Portland is closing in on its 100th consecutive day of street violence. There is no end apparent on the viewable horizon, and Oregon’s governor, Kate Brown, is becoming a little desperate. Enough so that she recently unveiled a plan to attempt to finally fulfill her principal duty, securing the safety of Portland’s citizens and their property.
A key element of that plan consists of having sheriff’s departments from neighboring counties send their deputies over to Portland to join in the fray now that federal reinforcements are gone. She and Portland Mayor Ted Wheeler having sent them packing (oops.)
The brilliant plan contains something of a significant flaw, however; Gov. Brown failed to let those sheriff’s departments in on it.
The response from at least two sheriffs, Craig Roberts from Clackamas County, and Pat Garrett of Washington County, should not have been unexpected; no, they essentially said, we are not going to use our limited resources and risk our people to bail you out.
The official statements from both sheriffs, and one from the Oregon Association of Chiefs of Police (OACP), are instructive, and spell out for the hapless governor and mayor just what the problem is and how to go about solving it.
Sheriff Roberts’ statement probably said it best and is worth repeating: “Had Gov. Brown discussed her plan with my office, I would have told her it’s about changing policy not adding resources. Increasing law enforcement resources in Portland will not solve the nightly violence and now, murder. The only way to make Portland safe again is to support a policy that holds offenders accountable for their destruction and violence. That will require the DA to charge offenders appropriately and a decision by the Multnomah County presiding judge not to allow offenders released on their own recognizance, and instead require bail with conditions. The same offenders are arrested night after night, only to be released by the court and not charged with a crime by the DA’s office. The next night they are back at it, endangering the lives of law enforcement and the community all over again.” Just so.
Sheriff Garrett echoed his counterparts' sentiments. He acknowledged that he would provide indirect support as appropriate to the Portland Police Bureau, as cops are inclined to do for their beleaguered brothers and sisters, but, he pointed out, “the lack of political support for public safety, the uncertain legal landscape, the current volatility combined with intense scrutiny on use of force presents an unacceptable risk if deputies were deployed directly.”

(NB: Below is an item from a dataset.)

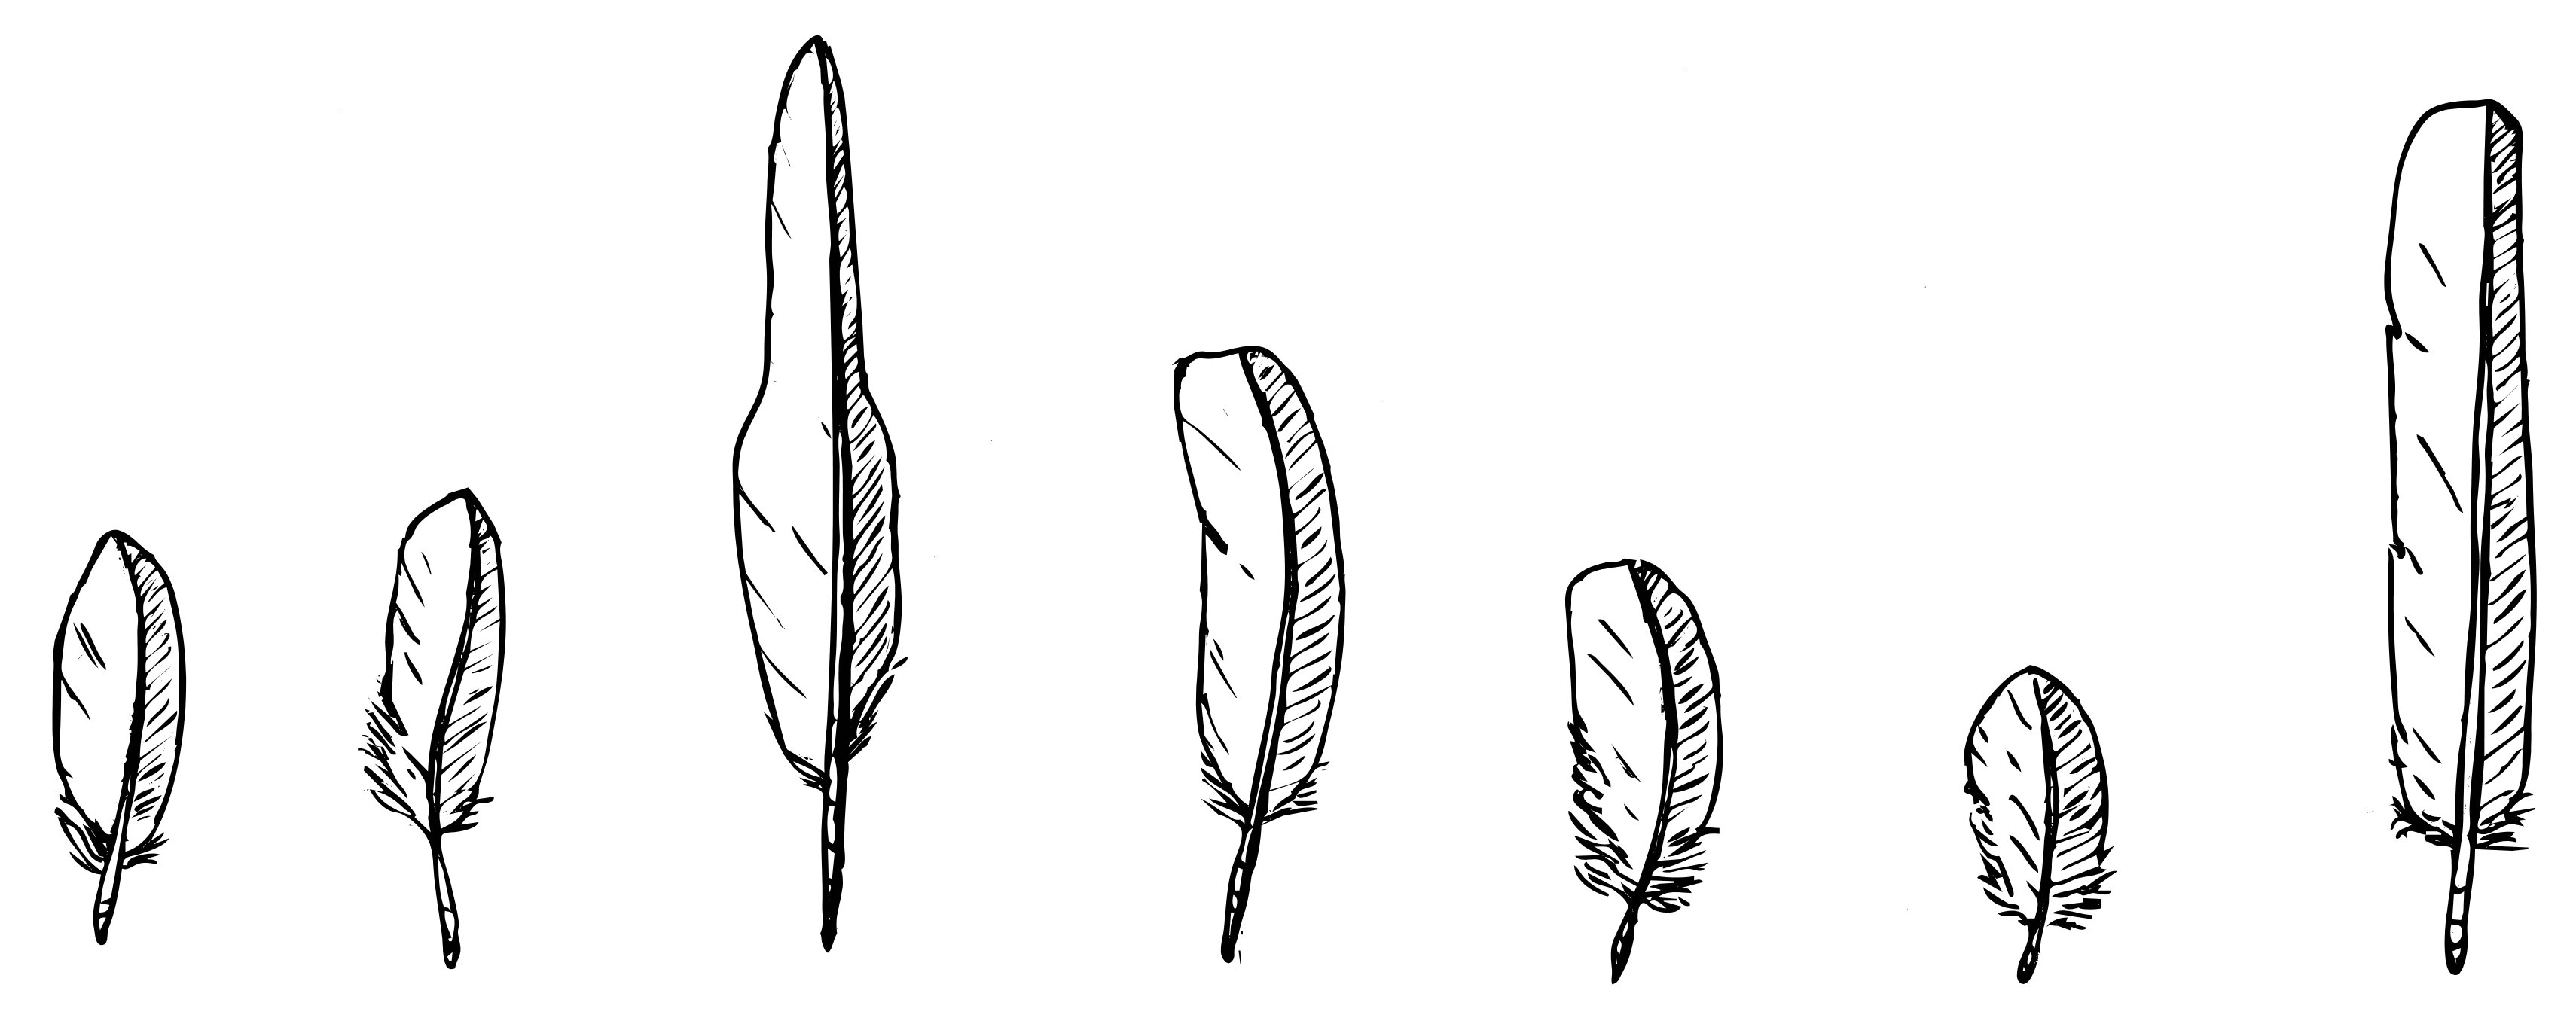 Sparrowhawk feathers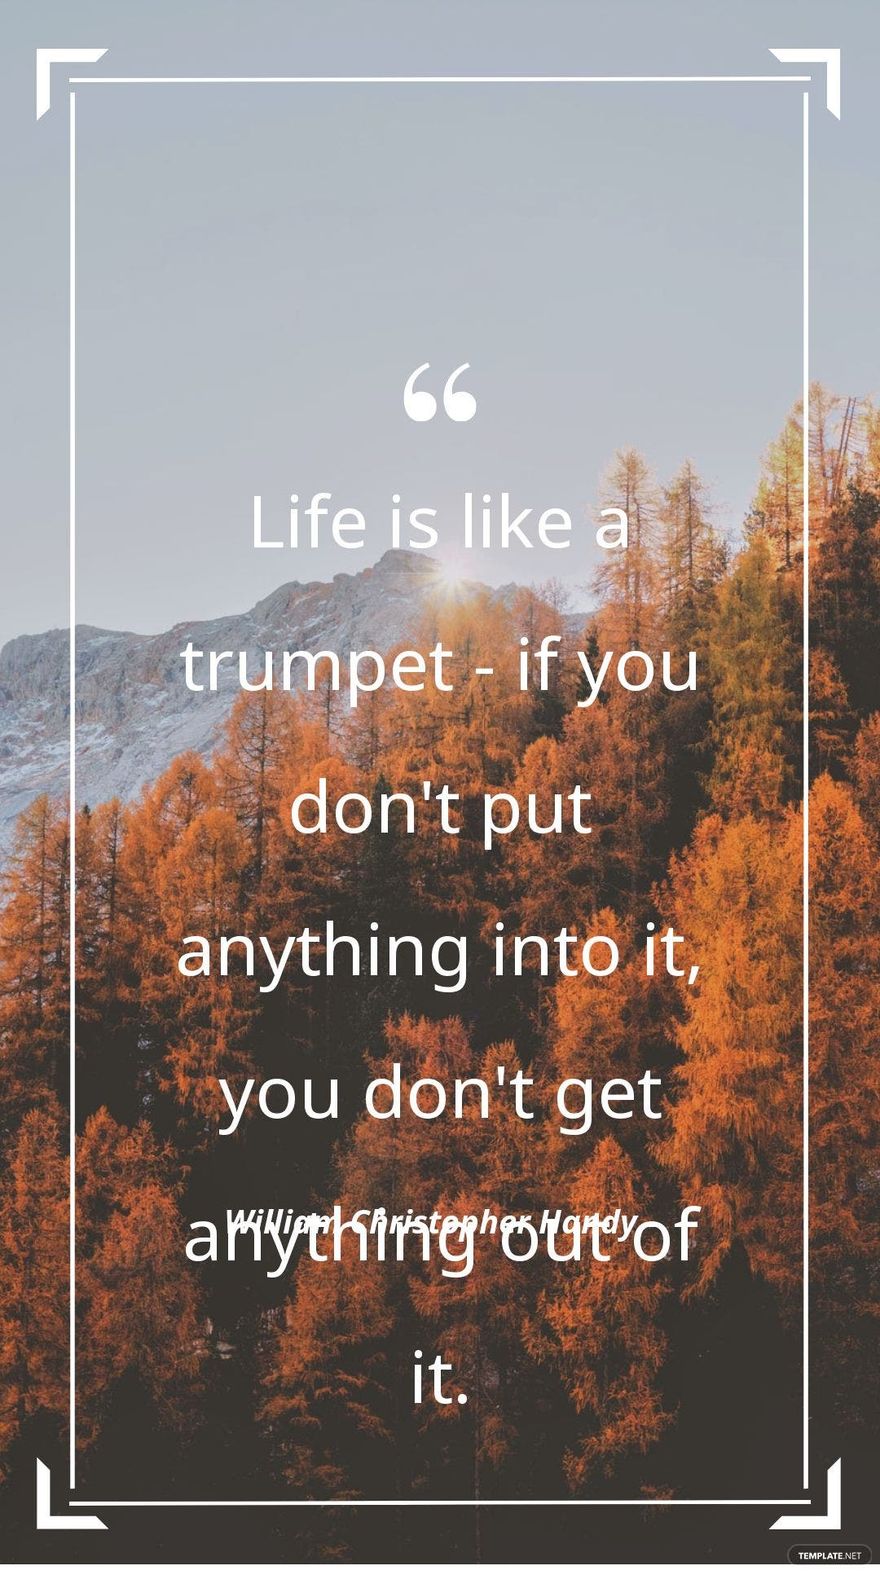 William Christopher Handy - Life is like a trumpet - if you don't put anything into it, you don't get anything out of it.

The OACP reinforced the message in explaining to Gov. Brown just why cherry-picking officers from hither and yon was not going to be met with enthusiasm from other jurisdictions because “due to the lack of support for public safety operations, the associated liability to agencies who would be assisting in Portland and the lack of accountability for those arrested committing criminal acts, we cannot dedicate our limited resources away from the communities we serve.”
The chiefs association capped and summarized the lesson this way: “Abandoning law enforcement or the need for policing is not working. It has only shown that it undermines the rule of law and puts our community at greater risk.”
That any law enforcement organization in the country would feel it circumstantially necessary to illustrate this to a sitting state governor comes close to compelling despair.
They continued helpfully, with a three-step plan of their own, suggestions of what the governor could perhaps do that would work: beginning with a) “a strong statement by elected leadership at all levels that criminal acts are not legitimate protest and that those who commit crimes will be held accountable”; b) detaining and prosecuting those arrested for street crimes, and c) issuing “publicly voiced support for law enforcement and its efforts to protect lawful protesters and hold criminal violators accountable in a very difficult environment.”
Again, not exactly esoteric nuggets pulled from the vault of obscure criminological theory, but given the actions of Portland’s mayor and Oregon’s governor all summer, the advice is positively Solomonic.
It is a lesson that Colorado’s leaders, and Denver’s, would be wise to take to heart. Denver has not reached Portland’s level of lawlessness but has had more than its share, and the violence continues to re-erupt periodically. And it will continue to do so as long as local politicians continue the enabling rhetoric; criminals are not prosecuted and jailed, and further legislative efforts to immobilize the police in the state are pursued.